Avec l’arrestation du banquier Rakesh Saxena, qui avait été mêlé à la faillite de la Bangkok Bank of Commerce en 1995, la Thaïlande va devoir se pencher sur un passé à haut risques, où hommes d’affaires douteux et hommes politiques en mal de financement étaient souvent très proches

L’affaire Saxena pourrait aussi se révéler embarrassante pour la coalition au pouvoir puisqu’un des bénéficiaires des prêts douteux la BCC n’est autre que Newin Chidchob, qui dirige un des partis dont le soutien est indispensable au Parti Démocrate pour conserver la majorité.

Saxena était conseiller financier à la BCC, et avait prêté des millions de dollars à des personnalités proche de la direction : une pratique qui était en réalité assez répandue avant la crise de 1997. La faillite de la BCC a révélé au grand jour les failles du système financier thaïlandais, qui avait prospéré sans contrôle de régulateurs.

Le procès du banquier Rakesh Saxena est aussi celui de la collusion entre les milieux d'affaires et les hommes politiques

La BBC avait accumulé une liste de clients à risque, dont le marchand d’armes Adnan Khashoggi.  Saxena et d’autres hauts dirigeants de la BBC ont été aussi accusés d’avoir accordé d’énormes emprunts non garantis à des politiciens influents.

La faillite de la BCC intervient peu de temps avant la crise de 1997, mais elle ne l’a pas véritablement déclenchée : elle est plus une conséquence de la collusion entre les milieux d’affaires et politiques qui régnait à l’époque.

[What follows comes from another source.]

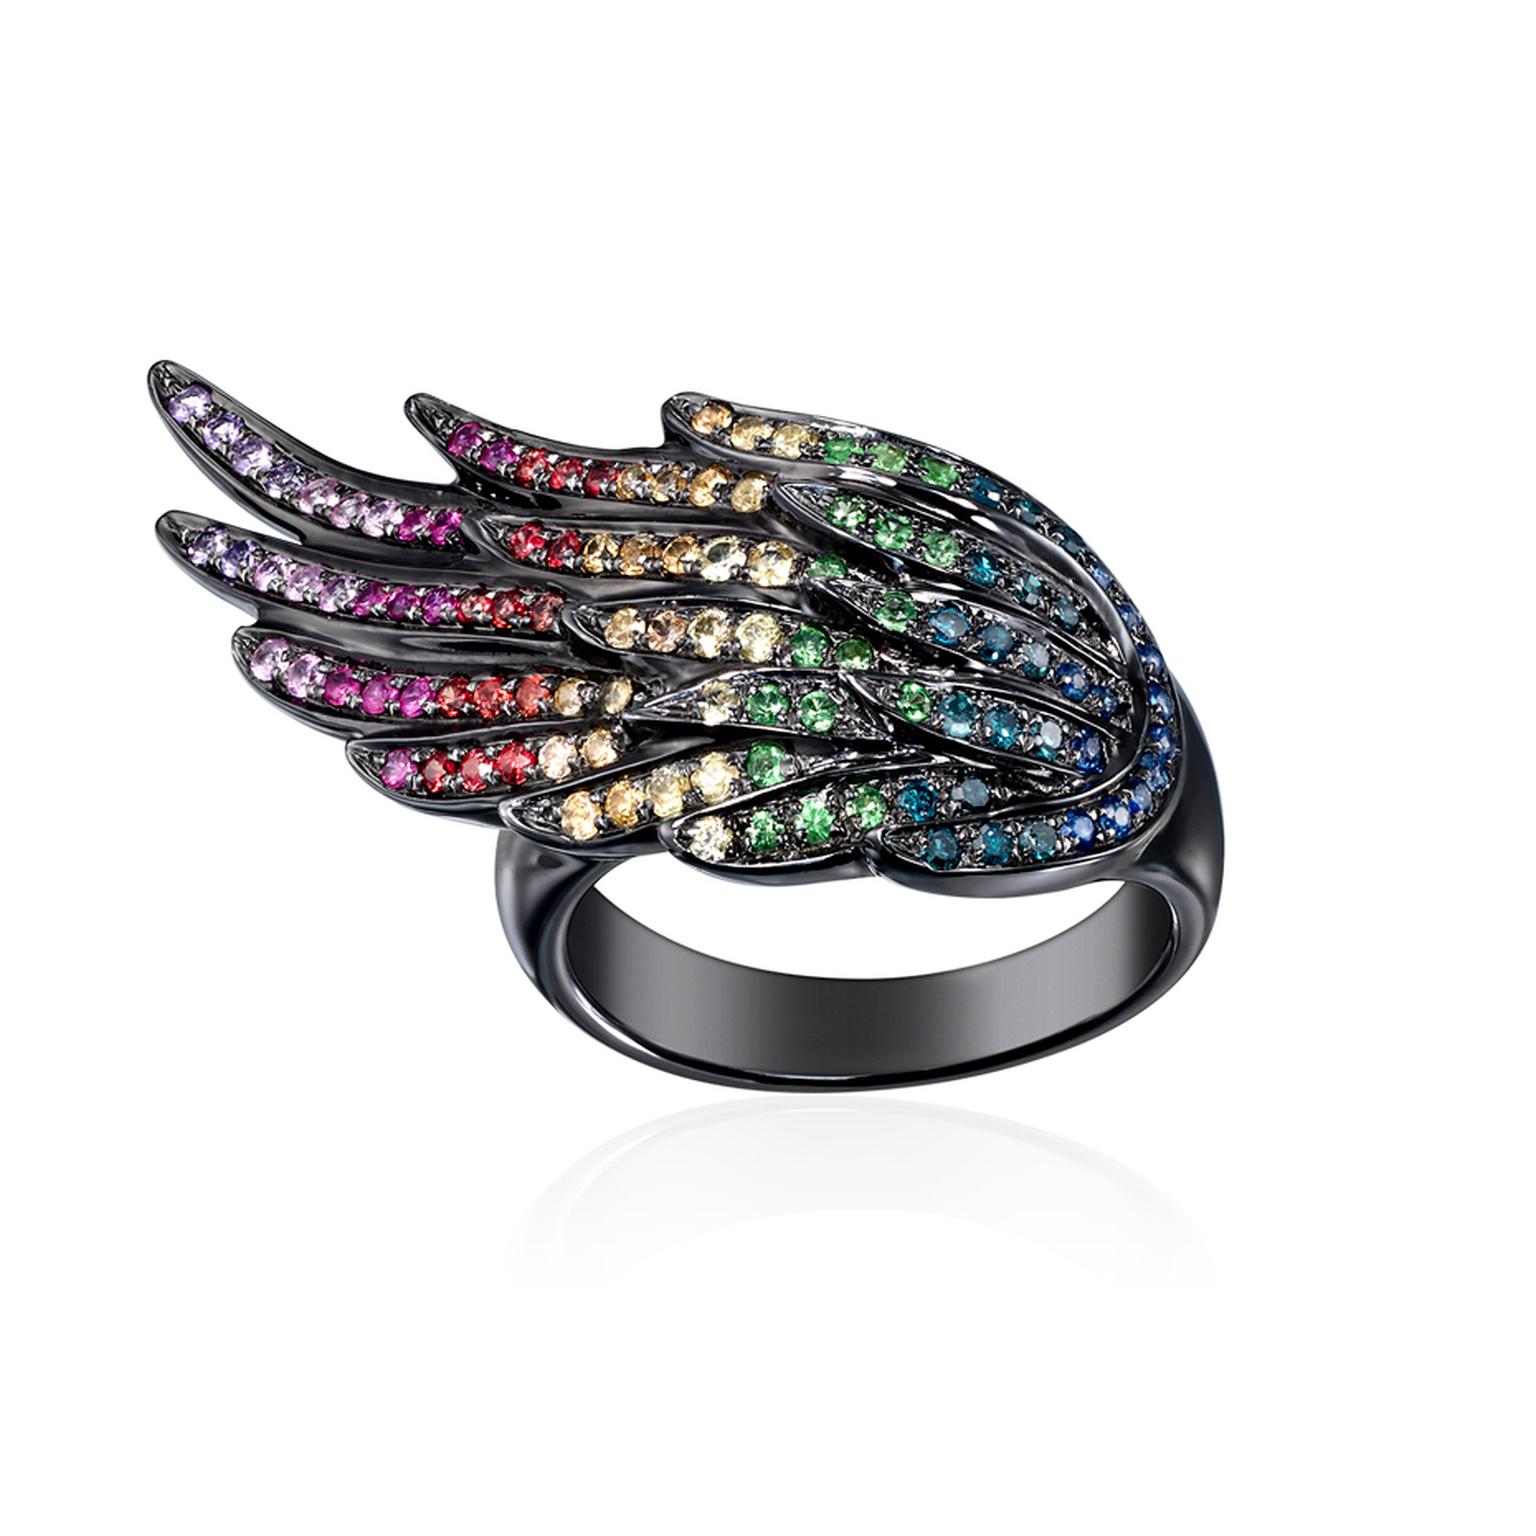 AS29 by Audrey Savransky black rhodium plated pinky Wing ring set with multi-coloured sapphires.

Les banques et les sociétés de financement ont historiquement joué un rôle clé dans le financement des élections en Thaïlande. Au moins 1 milliard de dollars ont été dépensés dans les élections de 1996, plus du double du montant dépensé par le Président Clinton dans sa campagne de réélection 1995-96.

La restructuration du système financier de la Thaïlande sera complexe, et douloureuse après la crise de 1997. En Thaïlande – comme dans beaucoup d’économies émergentes de l’époque – une relation intime a longtemps existé entre les dirigeants politiques, les principales banques et les puissantes familles qui dominent l’économie.

Cette collusion est en partie responsable du déclenchement de la crise de 1997 : l’alignement du baht sur le dollar a été prolongé au delà du raisonnable pour des raisons politiques. En 1997, les difficultés de l’économie thaïlandaise étaient visibles : avec un déficit des paiements courants important, le pays était vulnérable aux attaques spéculatives, et le FMI avait recommandé plus de souplesse dans les taux de change. La Thaïlande avait alors refusé.

La perte de confiance des prêteurs étrangers entraîne alors une inversion des flux de capitaux dramatique. En Thaïlande, les sorties de capitaux courts atteignent 12,6% du PIB en 1997. Le baht ne pouvait donc plus rester accroché au dollar comme il l’était : le mécanisme est connu car dès lors que les prêteurs étrangers ont acquis la conviction qu’un taux de change est insoutenable, les sorties de capitaux s’accélèrent et la crise est inévitable.

Certaines grandes familles thaïlandaises qui s’étaient endettées en devises sur les marché étrangers se sont retrouvées prises au piège.

Dix ans plus tard la situation est exactement inversée : durant l’été 2007, le système financier américain, perclus de créances douteuses, s’effondre, tandis que jusqu’à présent l’économie thaïlandaise a fait preuve d’une certaine résilience par rapport à l’effondrement du secteur bancaire américain.